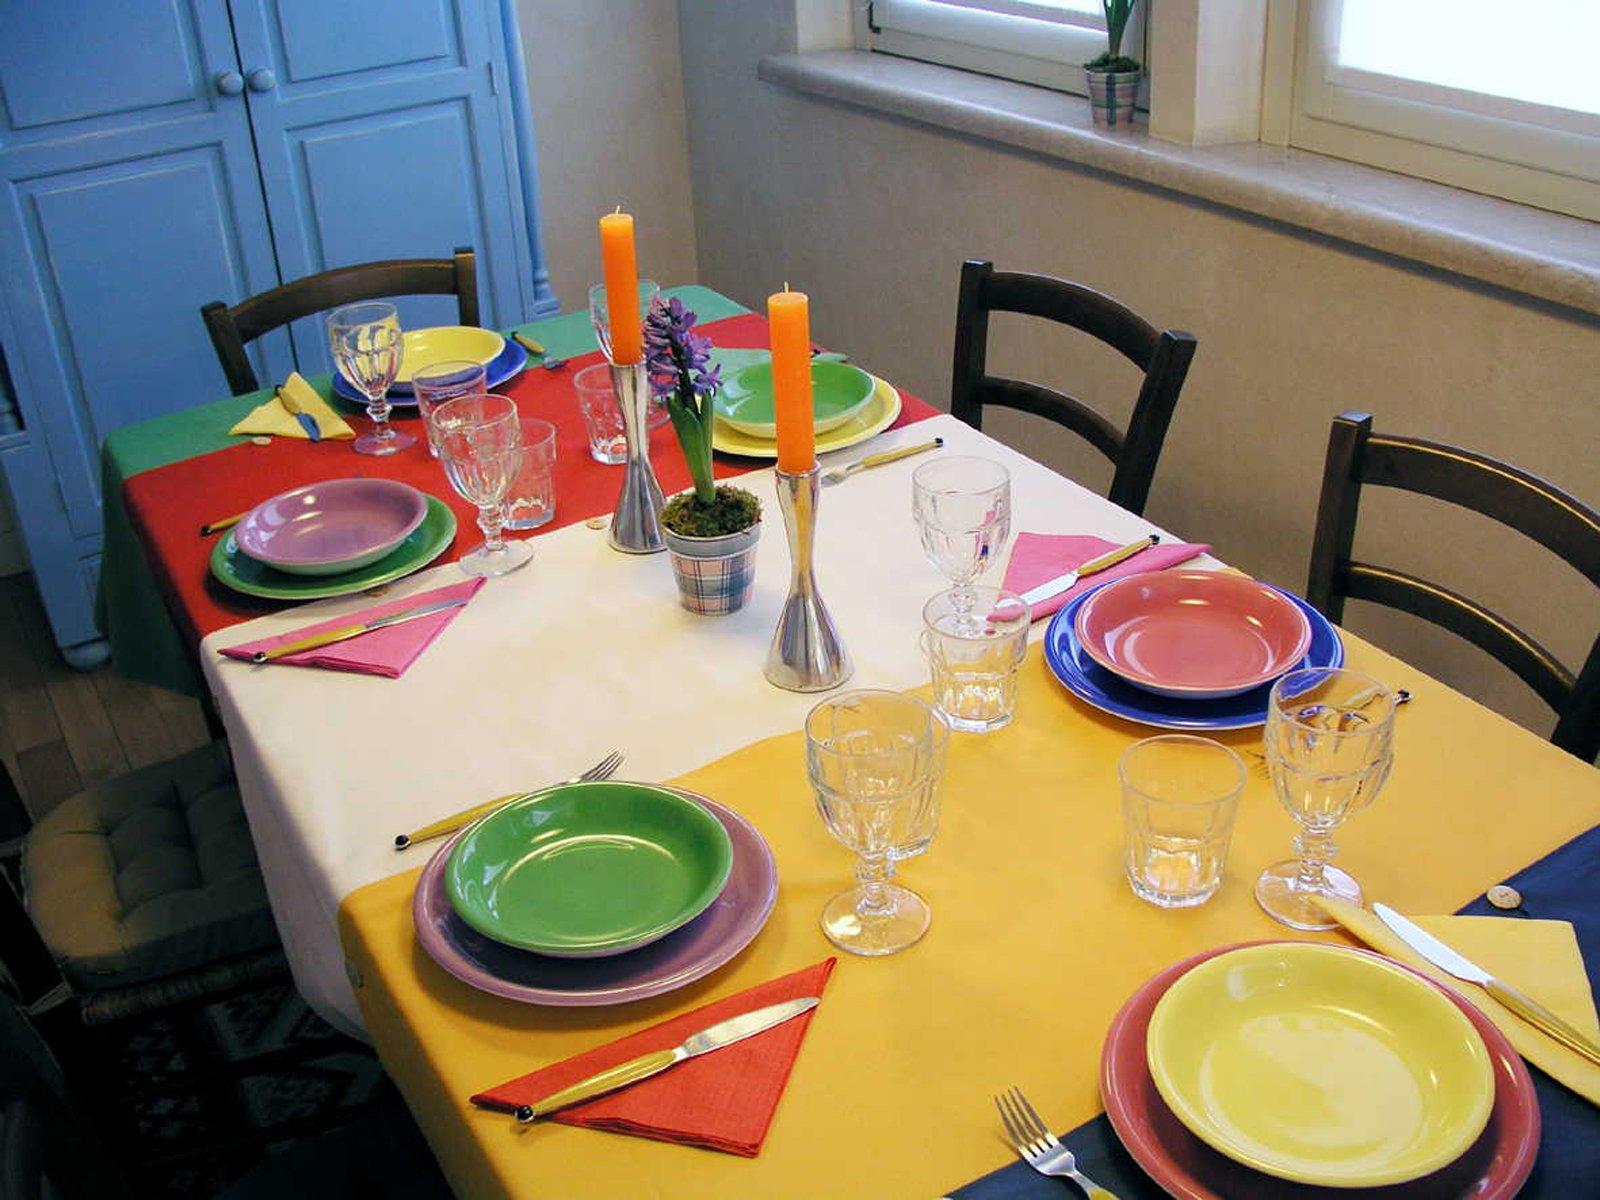 Tovagliette e runner per la tavola a colori cose di casa - Tovaglie da tavola moderne ...
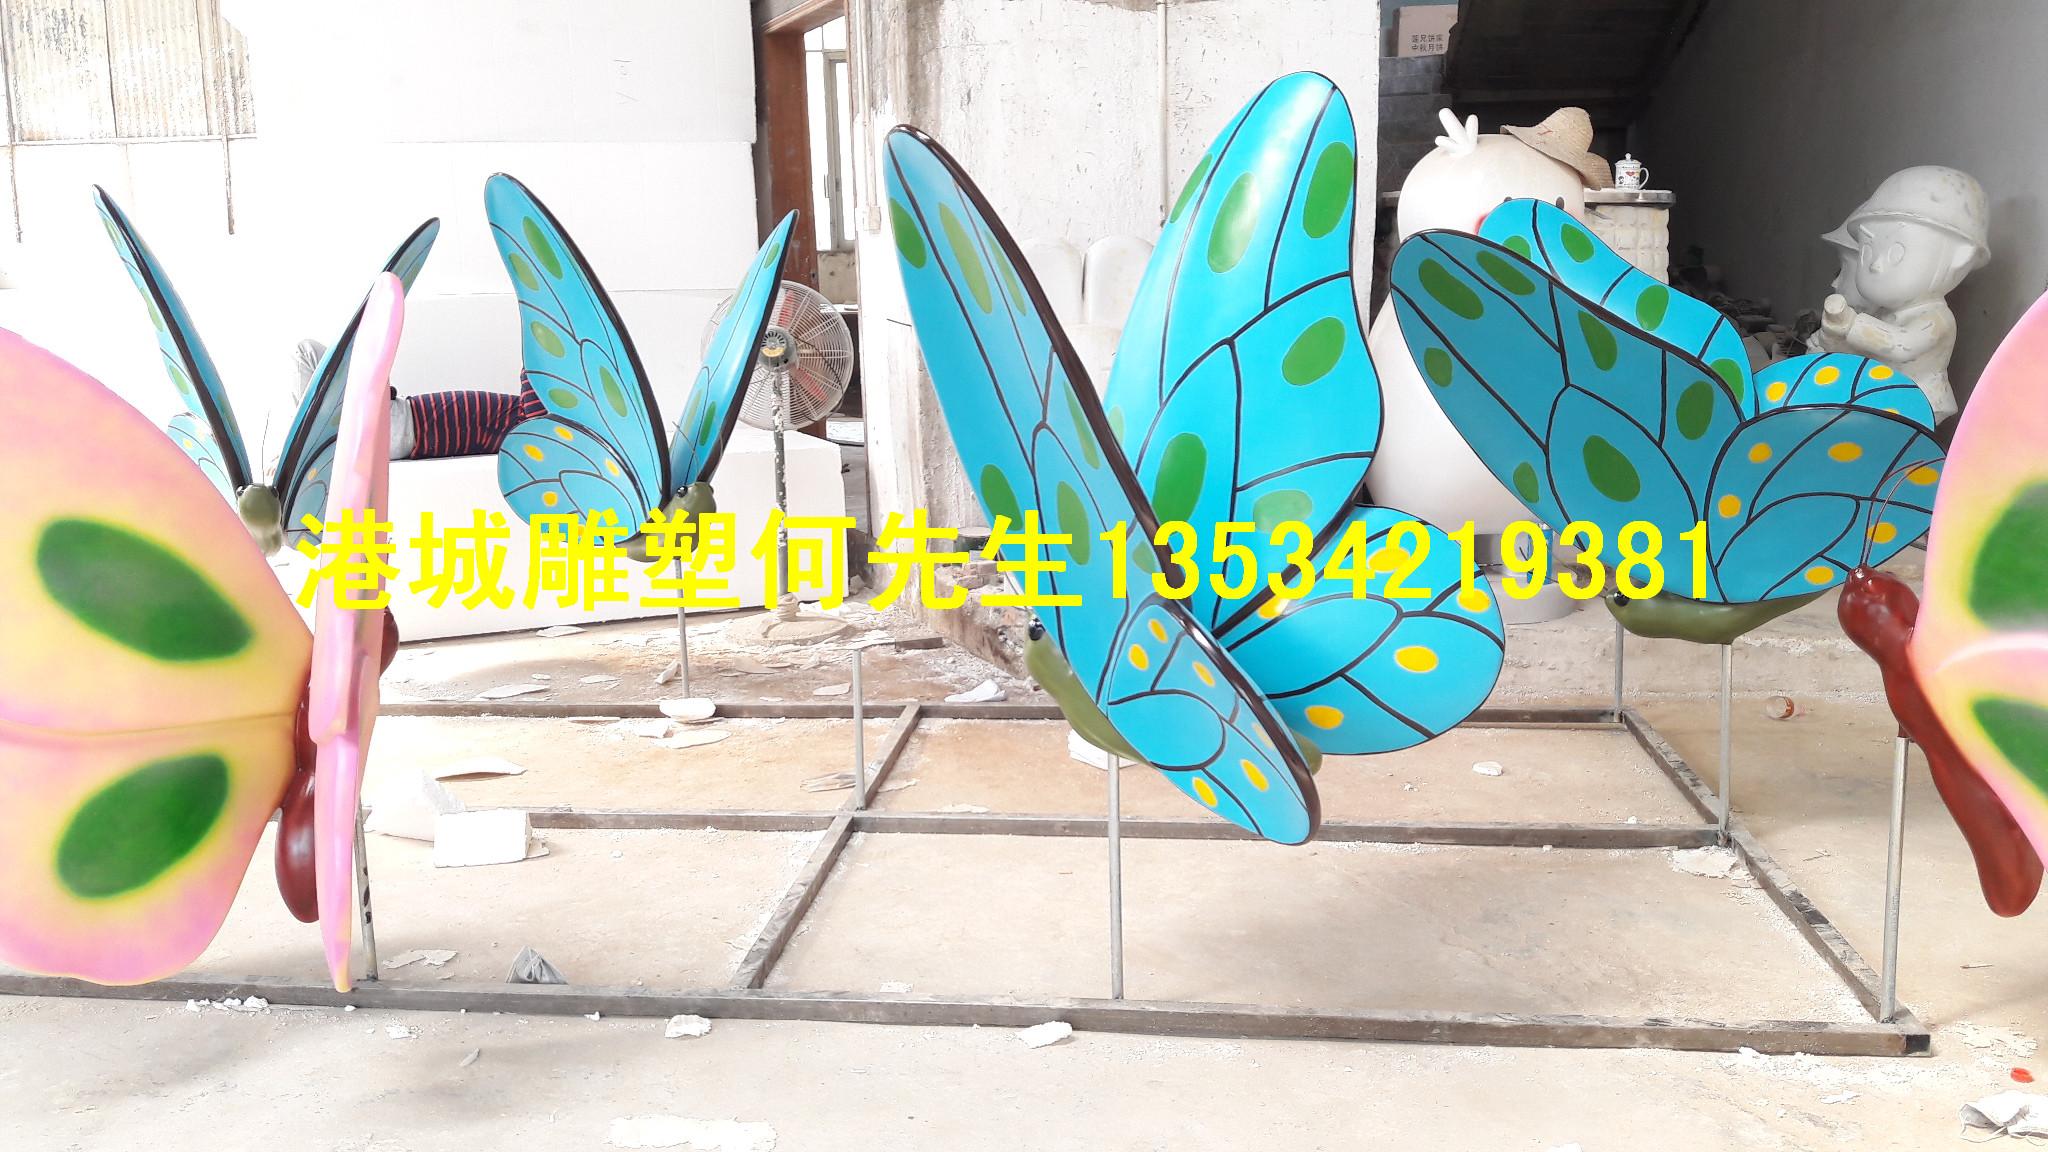 厂家直销绿地装饰玻璃钢蝴蝶雕塑模型摆件
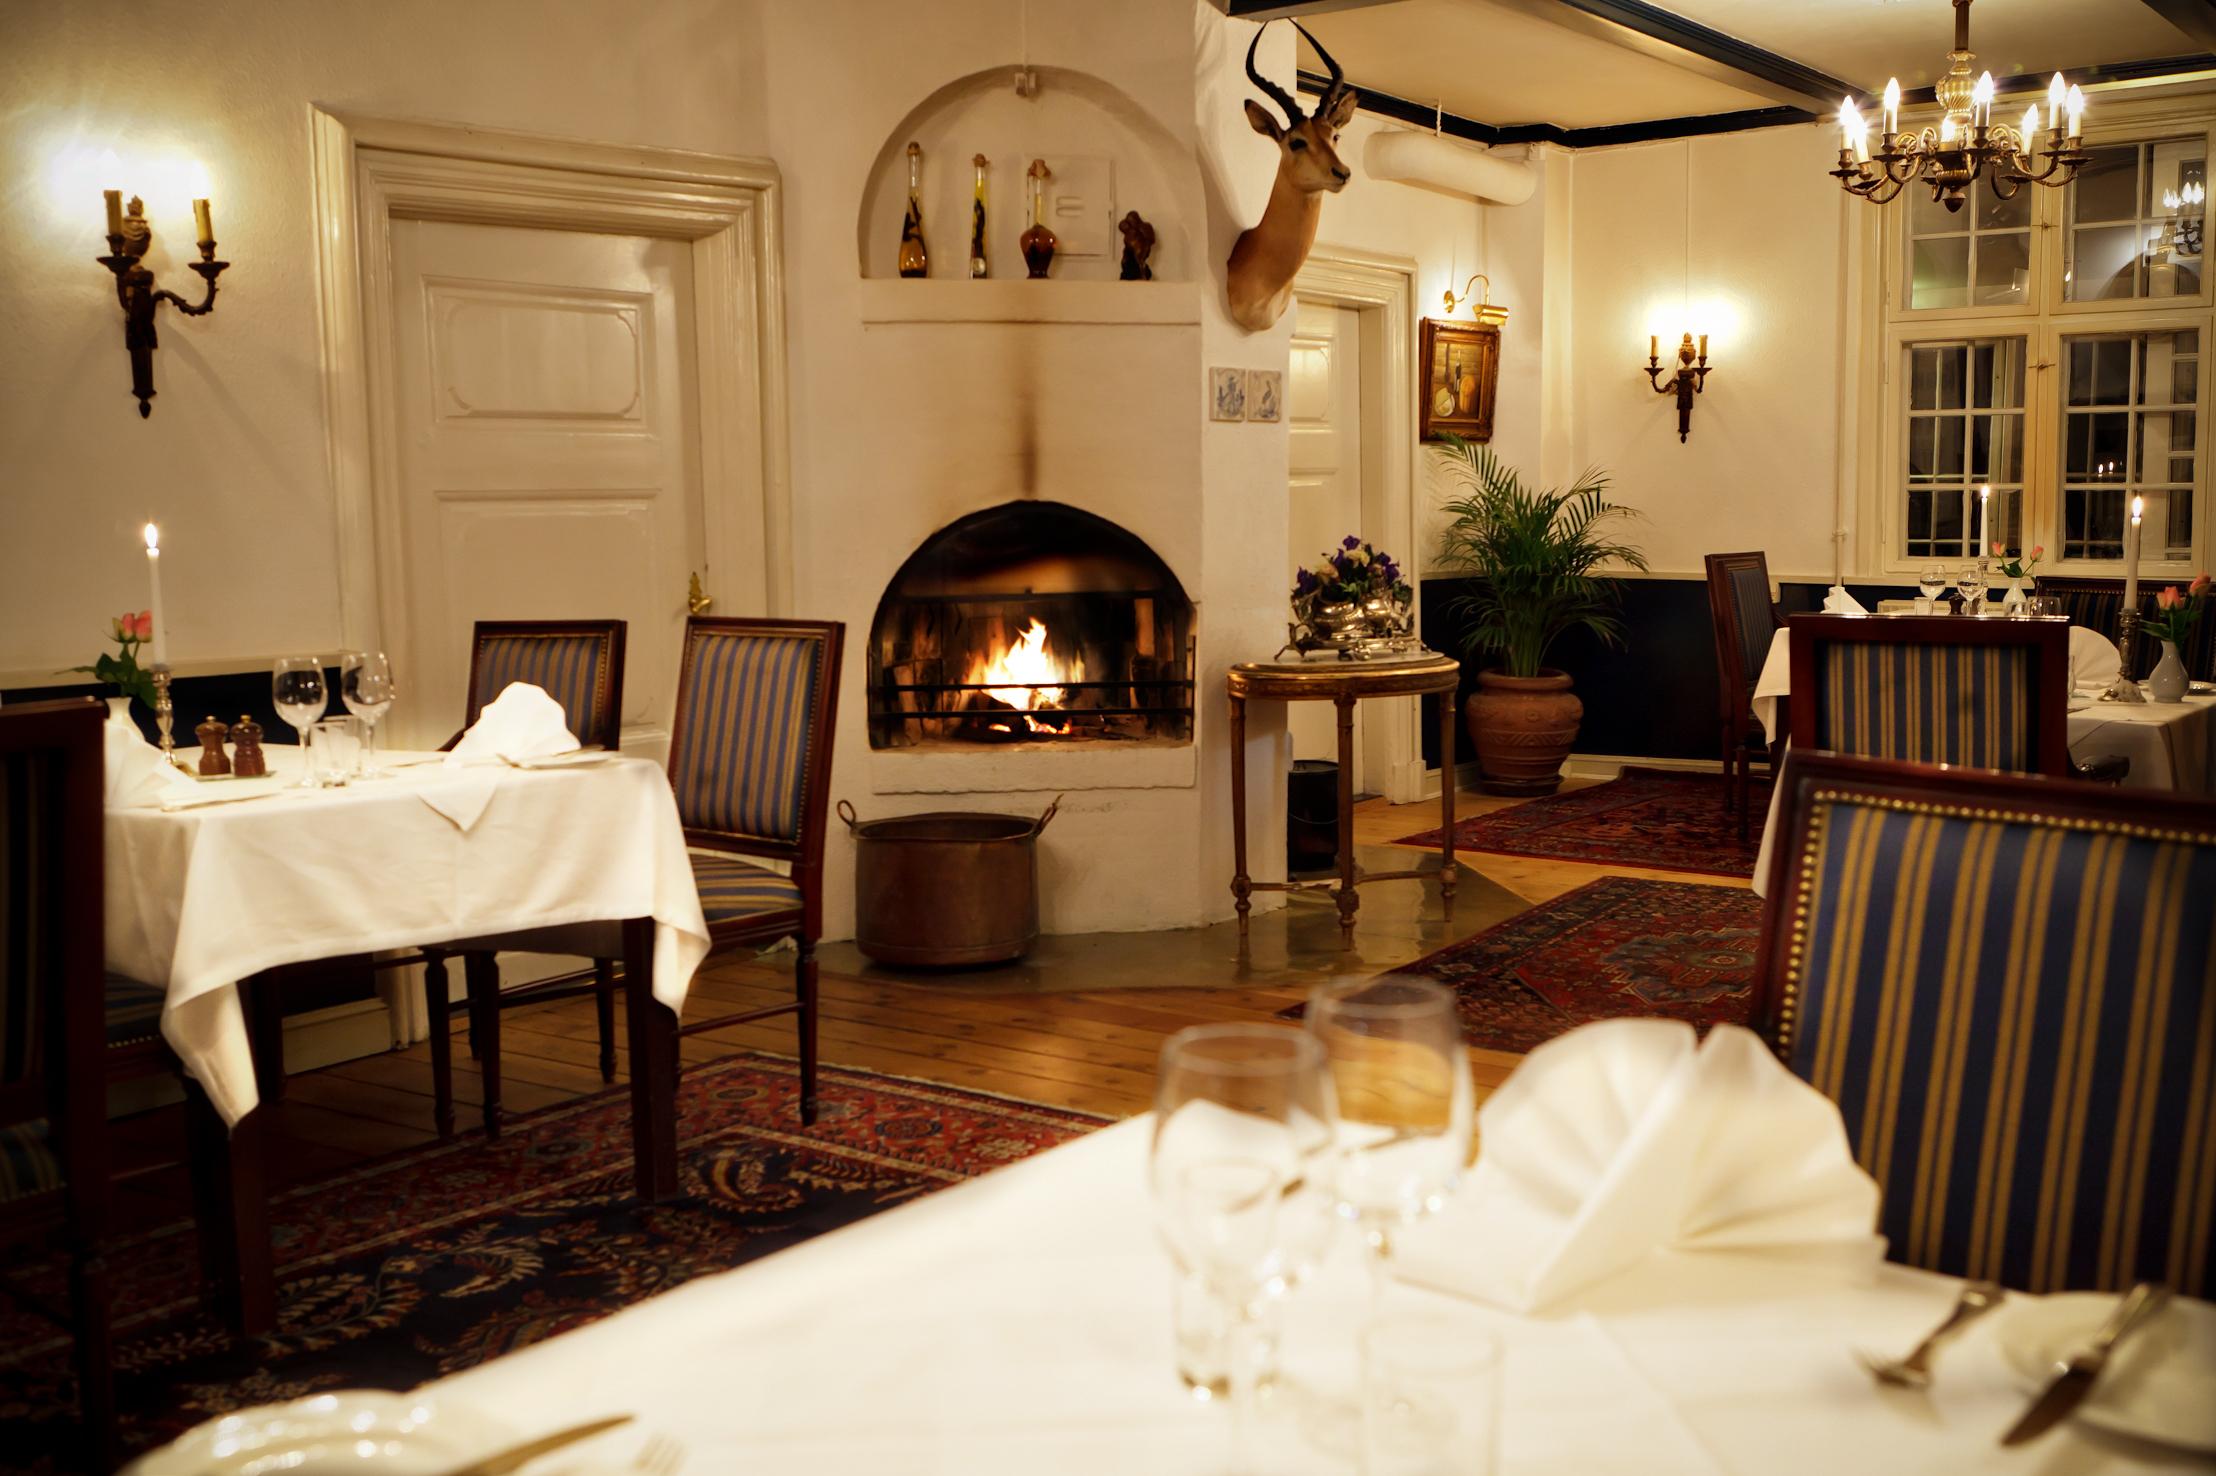 Hotel Kirstine - romantisk hotel midt i Næstved

***

## WORK ITEM:
Output each of the lines above exactly, apart from the images.

## REPLY:
 Tovagliette e runner per la tavola a colori cose di casa - Tovaglie da tavola moderne ...
 厂家直销绿地装饰玻璃钢蝴蝶雕塑模型摆件
 Hotel Kirstine - romantisk hotel midt i Næstved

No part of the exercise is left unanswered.